By injecting vital dyes into the mandibular mesoderm in the young lamprey embryo, it has been shown that both the trigeminal nerve-innervated muscles and the trabecular cartilage primordium were labelled (Kuratani et al. 2004). The latter was seen as a strand of mesenchymal condensation lateral to the notochord. As noted above this is a site that is more suitable for the mesodermally derived neurocranium, which does require the notochord (Couly et al. 1993). Moreover, at the initial stage of its development, the trabecula has been found at the level of the MA (dorsal to the first aortic arch) by Johnels (1948). Therefore, it seems that the so-called trabecula in the lamprey might represent a rostrally elongated parachordal cartilage, not a crest-derived prechordal skeletal element (see Fig. 6), although it cannot be ruled out that the rostral part of the lamprey trabecula may receive contributions from the neural crest, or there would be a cryptic boundary in the rostral part of the lamprey trabecula, delineating the mesodermally derived and crest-derived parts as seen in the gnathostome neurocranium. Moreover, several studies have so far alluded to the contribution of the neural crest to the lamprey trabecula (Newth, 1956; Langille & Hall, 1988; but also see Newth, 1951). Importantly, although the detailed mapping of the lamprey cranium is still incomplete, the mesodermal contribution to the lamprey trabecula is consistent with the heterotopy theory of jaw evolution.
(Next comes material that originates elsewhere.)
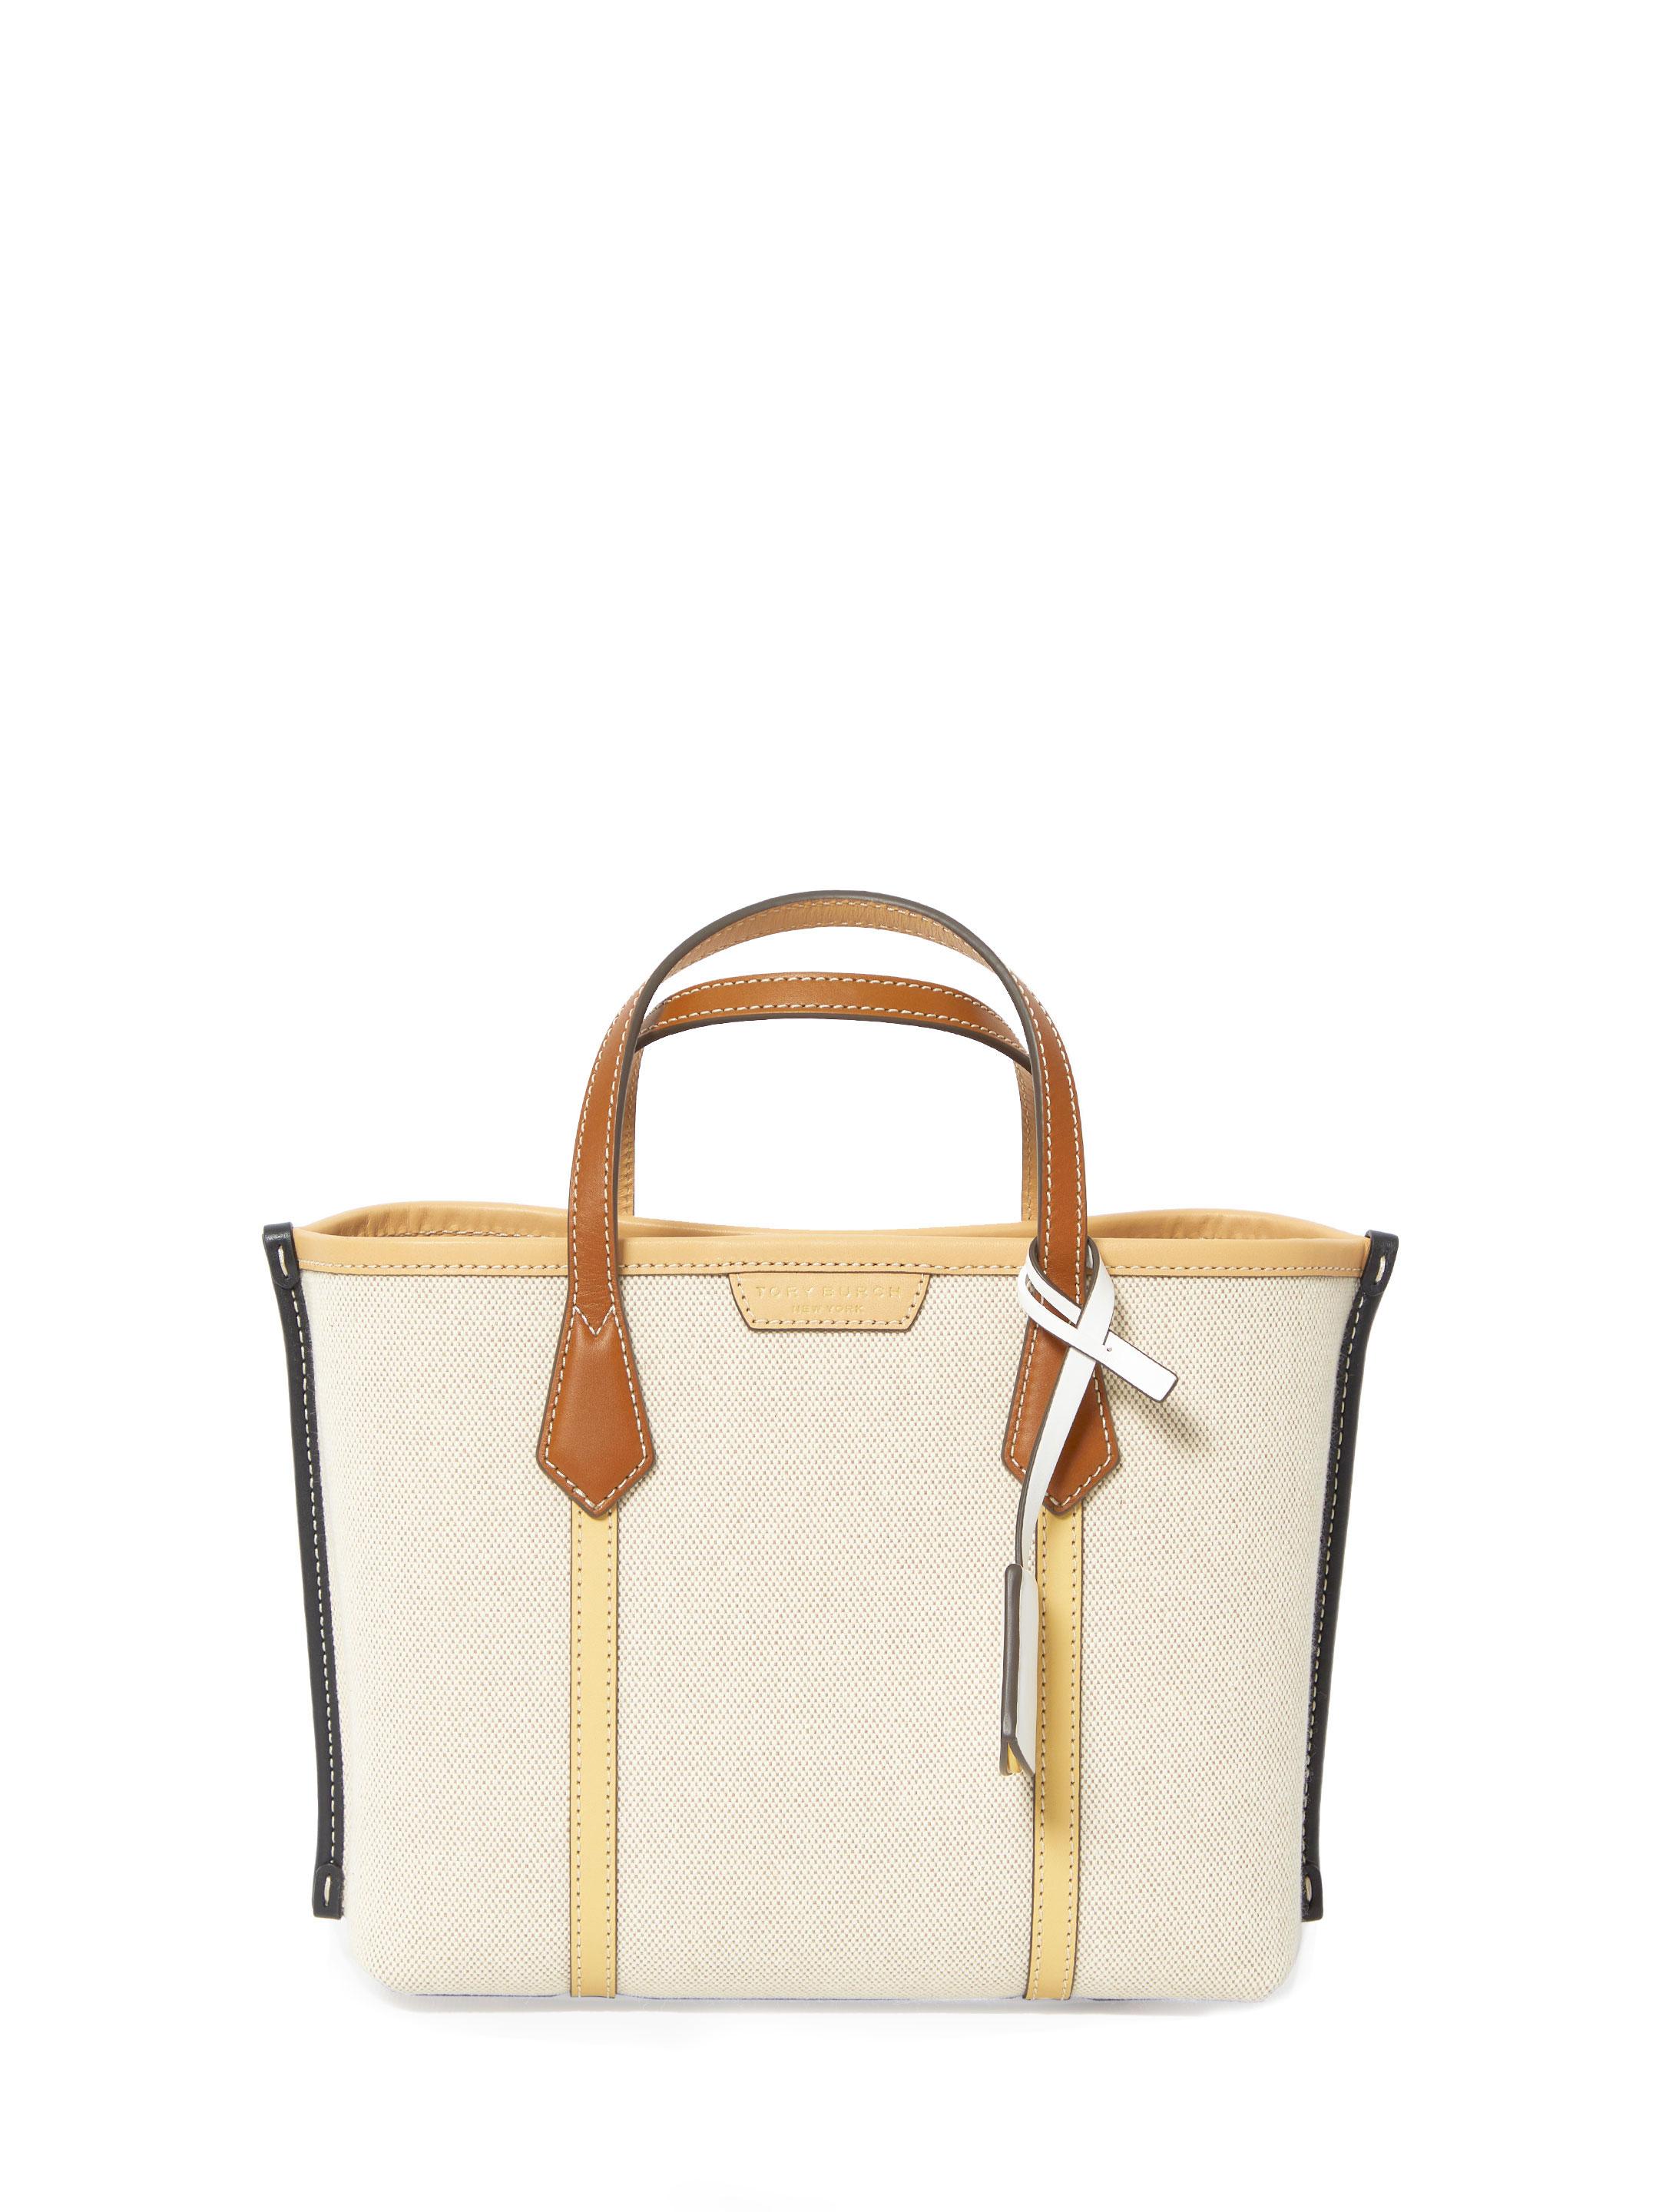 Tory Burch Small Perry Canvas Tote Bag in Natural | Lyst UK
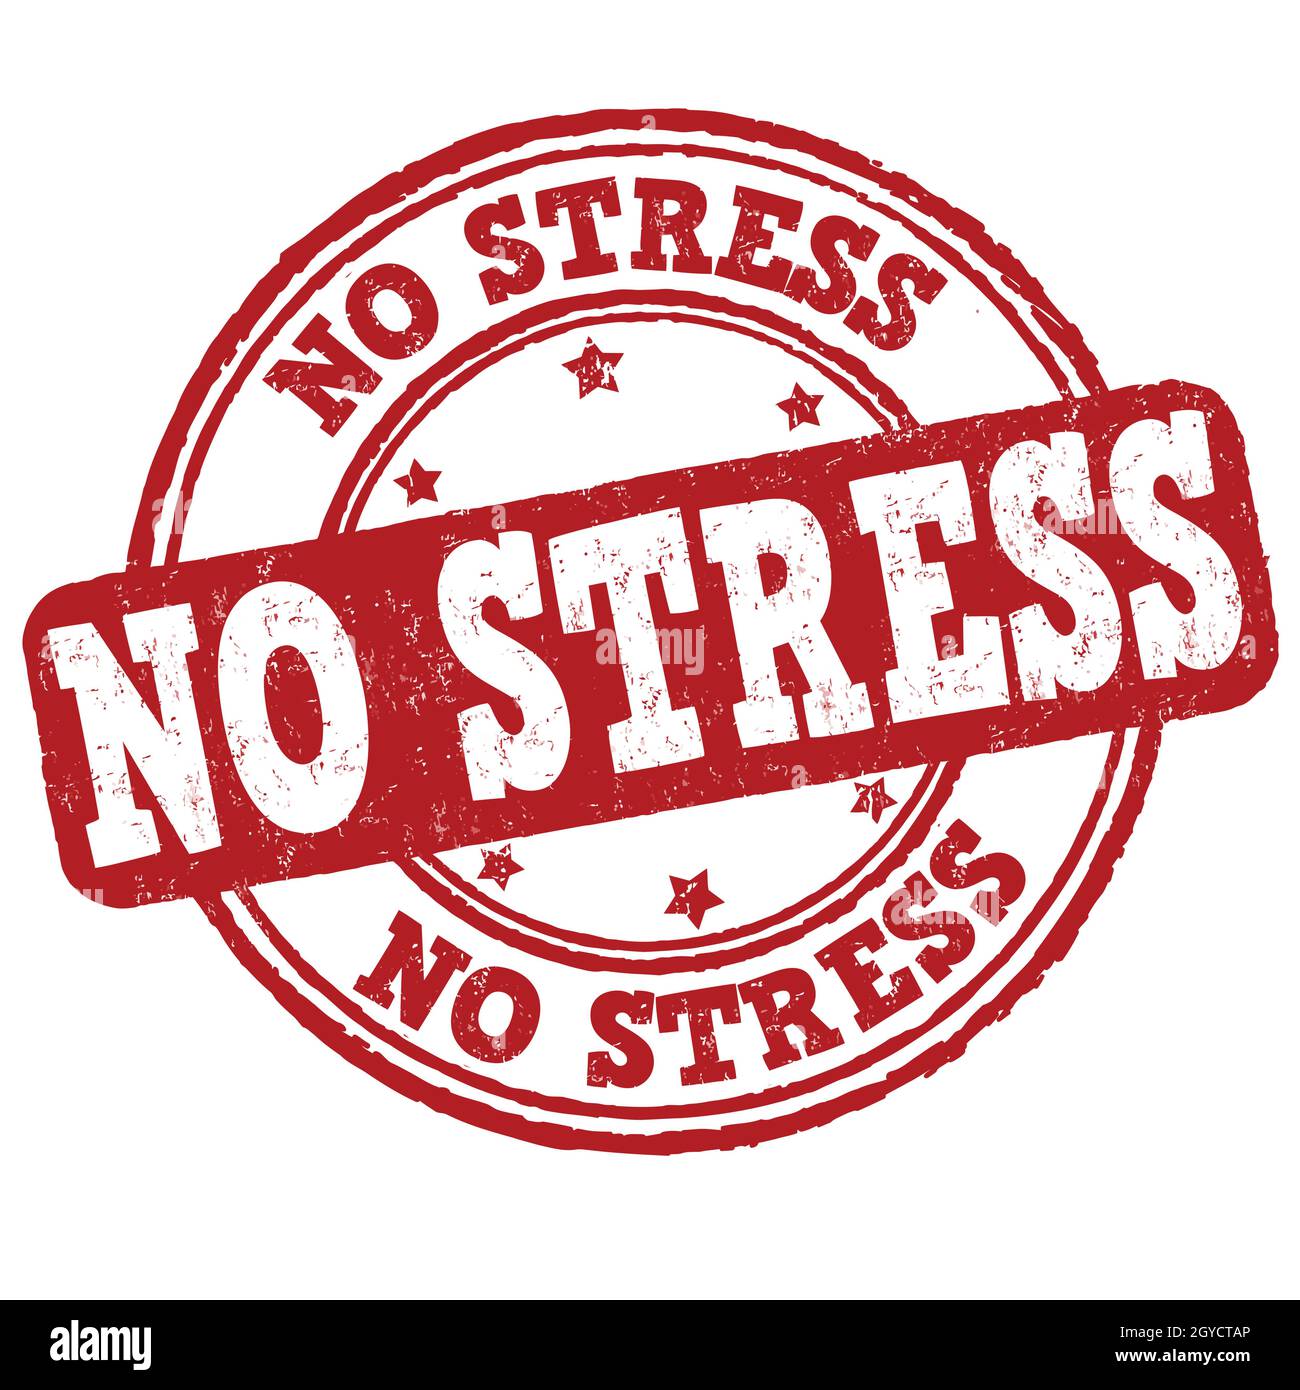 No stress grunge rubber stamp on white background, vector

The lamprey-specific use of PM crest cells is made possible by a unique patterning of the nasohypophysial placode. In the gnathostomes, nasal placodes are patterned as a pair of structures beneath the forebrain, rostral to the Rathke's pouch anlage (which differentiates as a part of the oral ectoderm). Such placodal morphology allows premandibular crest cells of gnathostomes to invade rostrally in the cranial base to form the prechordal cranium (Fig. 5C, right). In the lamprey, by contrast, nasal and hypophysial placodes initially form a single ectodermal plate rostral to the oral ectoderm (Fig. 5C; for embryology see Gorbman & Tamarin, 1985; Kuratani et al. 2001; Uchida et al. 2003). Thus the premandibular crest cells in the lamprey cannot grow rostrally to form a median septum in the cranial base as seen in the gnathostomes; instead the upper lip primordia arise behind this hypophysial plate and grow beneath the plate to form the floor of the nostril, or the nasohypophysial duct (Fig. 5A,C; see Kuratani et al. 2001). The hagfish, which follows a similar developmental pattern of placodes, has an equivalent duct that opens into the pharynx, unlike the lamprey (Gorbman, 1983; Gorbman & Tamarin, 1986; Janvier, 1996). It is important to realize that the hypophysis arises through interaction between the ectoderm and the ventral diencephalon, or the hypothalamic anlage. Again, the topographical relationships of tissues form a central problem. With respect to the mouth openings (oral ectoderm) and nasal placodes, the hypophysial primordia arise in non-equivalent topographies between the lamprey and gnathostomes – again the morphological homology is lost in a strict sense. Still, the primordia have to come into contact with the same inducer, or the hypothalamic anlage, to differentiate as the hypophysis in both animal groups. A close relationship between the oral ectoderm and hypothalamic anlage is established early in amniote development (Couly & Le Douarin, 1985; reviewed by Uchida et al. 2003). This relationship does not greatly change through later development. In the lamprey, by contrast, the hypophysial placode has to grow towards the hypothalamus secondarily in the late embryonic period. No similar pattern of tissue growth appears in gnathostome development.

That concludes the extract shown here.